And when I started to learn how
to speak up, what I had to say,
he was very impressed by it.
Of course Roland was in Pennhurst, and his main message
is to free our people,
and the one that sticks
to everybody's mind is
who's in charge?
That was a big shift,
back in those days,
'cause we didn't have the
power, 'cause everything
was controlled, was either
run by the agency...
where they didn't
have no say-so.
People didn't know how to
make decision, simple ones...
they didn't know they could.
Because what we heard was
if I make this decision that
I wanted to do this, then
I'm going to get in trouble.
They were all afraid to say,
speak up and say,
I don't want cereal,
I want pancakes.
How do you teach somebody
that never was taught
to make decisions on the basics?
They kept asking us,
"Can we go ahead and..."
And we kept saying,
"Go ahead."
"I'm going to get in trouble
if I take this apple."
I said, "No, you're not,
you're with us."
And we also had to educate
the professionals, even though
the county, Philadelphia County was in back of us,
we still needed to educate them.
Because they were in the mind set of people, wow, this was
a big shift, and they didn't
even know how to handle it.
Everyday Lives was the
foundation for everything.
In '87 when I came to state
government with Steve Eidelman
in the lead, we said, well,
let's make a plan about
what we should be
doing in the future.
I think we spent two years
doing that...painful.
But it was watershed.
So we asked the question,
what do people want?
It was a simple question,
what do people want?
And because self-advocates were
listened to, we heard things
like, I don't want to take
medication that I don't want.
I don't want to live
with people who hit me.
I don't want people
to make fun of me.
The wants were
really devastating,
really devastating,
and it sobered everybody up.
And then we spent a day saying,
the question that Guy Caruso
and Jerry Provencal asked is,
"If everything could be
the way you'd want it to be,
what would it look like?"
And they had this big
paper on the wall
and drew pictures of everything.
And it was pictures of going
to school, and you know, getting
married if you wanted to get
married, and having a job, and
going to the parks, and voting,
and all that kind of stuff.
And one of the dads who was from the ARC, whose daughter lived
in an institution, and over his
dead body was she ever going
to leave that institution,
he looked at the wall and said,
"Oh my God!
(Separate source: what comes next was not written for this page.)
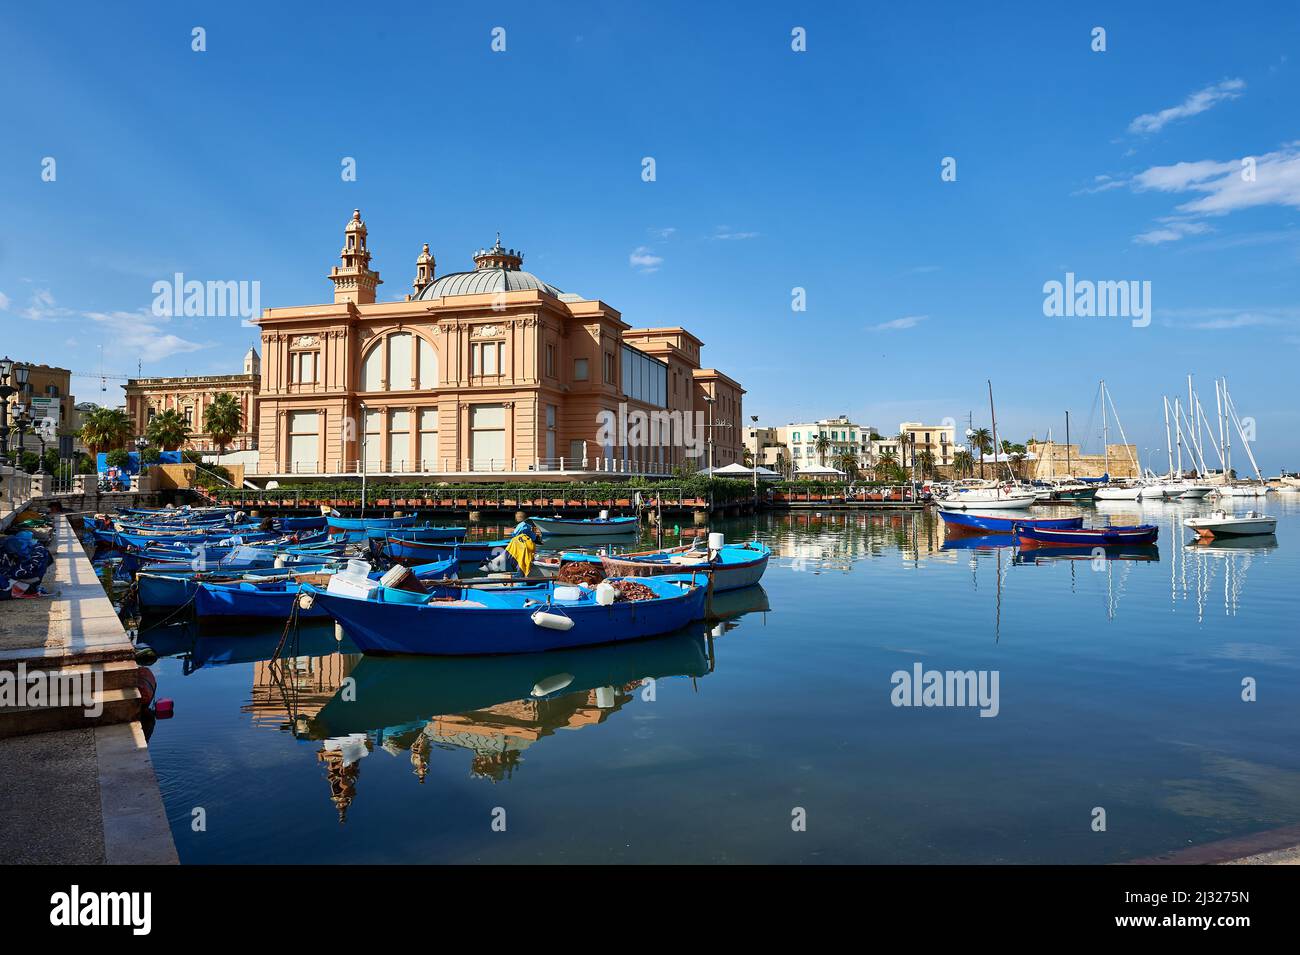 View of the Museo Teatro Margherita, Art Nouveau building, formerly a cinema and theater now a contemporary art exhibition venue, Bari, Italy, Europe Stock Photo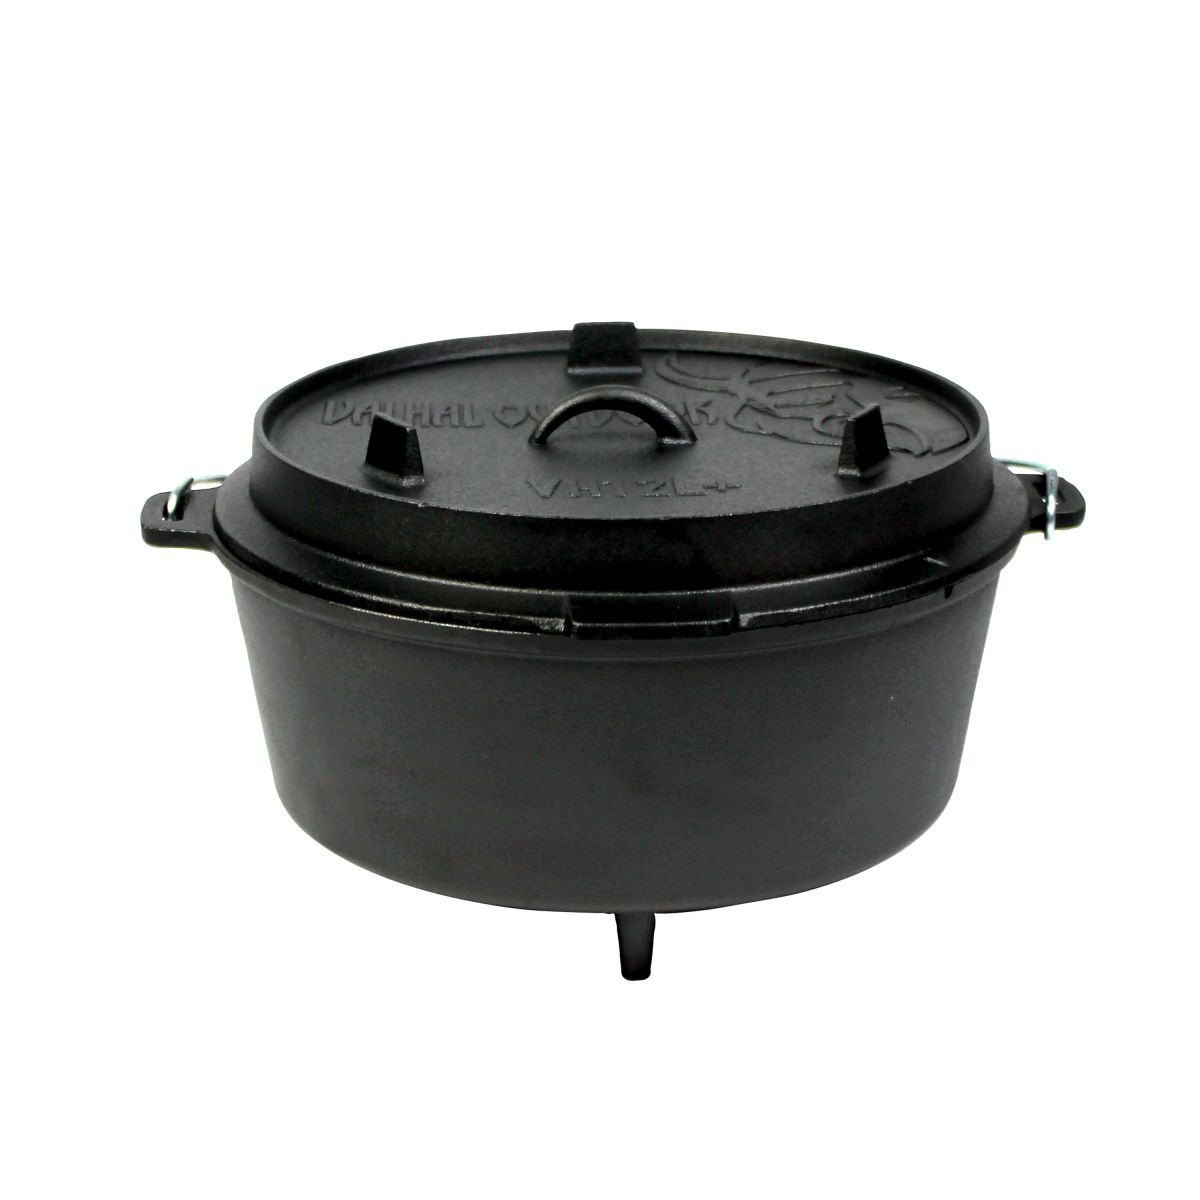 vh12l dutch oven 12l with feet

That's just
the life the rest of us have."
And that's how
"Everyday Lives" got named;
it's just a life
like everybody else.
I think the thing I remember
most fondly was when Larry Pace
and Nancy Thaler came into
my office and they showed me
the draft copy of
"Everyday Lives,"
full color, you know,
mocked up, ready to go.
And I thought,
"Wow, this is real."
And the governor's office had
signed off on it, and to me that
was the most amazing thing
that you could get something
like this, some vision
out of government, I mean,
this was a government document, it said, Robert P. Casey,
Governor, Commonwealth of
Pennsylvania, on the document.
So that was a pretty proud
moment, it was like ok, we can
now take these ideas and start
to put them into action
and use them as the basis
for going forward.
DEE: I was trying to get Gina into the office of Vocational
Rehabilitation Services, and
the guy who was the head,
he was saying how everybody could get services
and the law said that.
And I stood up and read him
a letter that said Gina wasn't
eligible to go, because of
her significant disabilities.
And he was certainly annoyed
by my presence in the audience,
and then I followed him to
Harrisburg and the next time
he stood up, it was in
a meeting with a lot of people
from the state, and I read
the same letter again.
Several months later, he called me on the phone and said,
"You know, you're making
a reputation for yourself
all over this state."
He said, "You're nothing
but a little troublemaker."
And I said, "Really?"
And he said, "Yeah."
And I said, "Well, you know,
I think that's what they called
Martin Luther King,
Gandhi, and Jesus Christ,
and although I'm not worthy
to stand in their shadow,
I just consider what you
said to me a compliment."
You can't be afraid when people
confront you and tell you how
awful you are because you stand
up for what you believe in.
DEBBIE: Everybody in Pennsylvania and the National
know what Roland, Mark, Justin, stood for -- justice for all.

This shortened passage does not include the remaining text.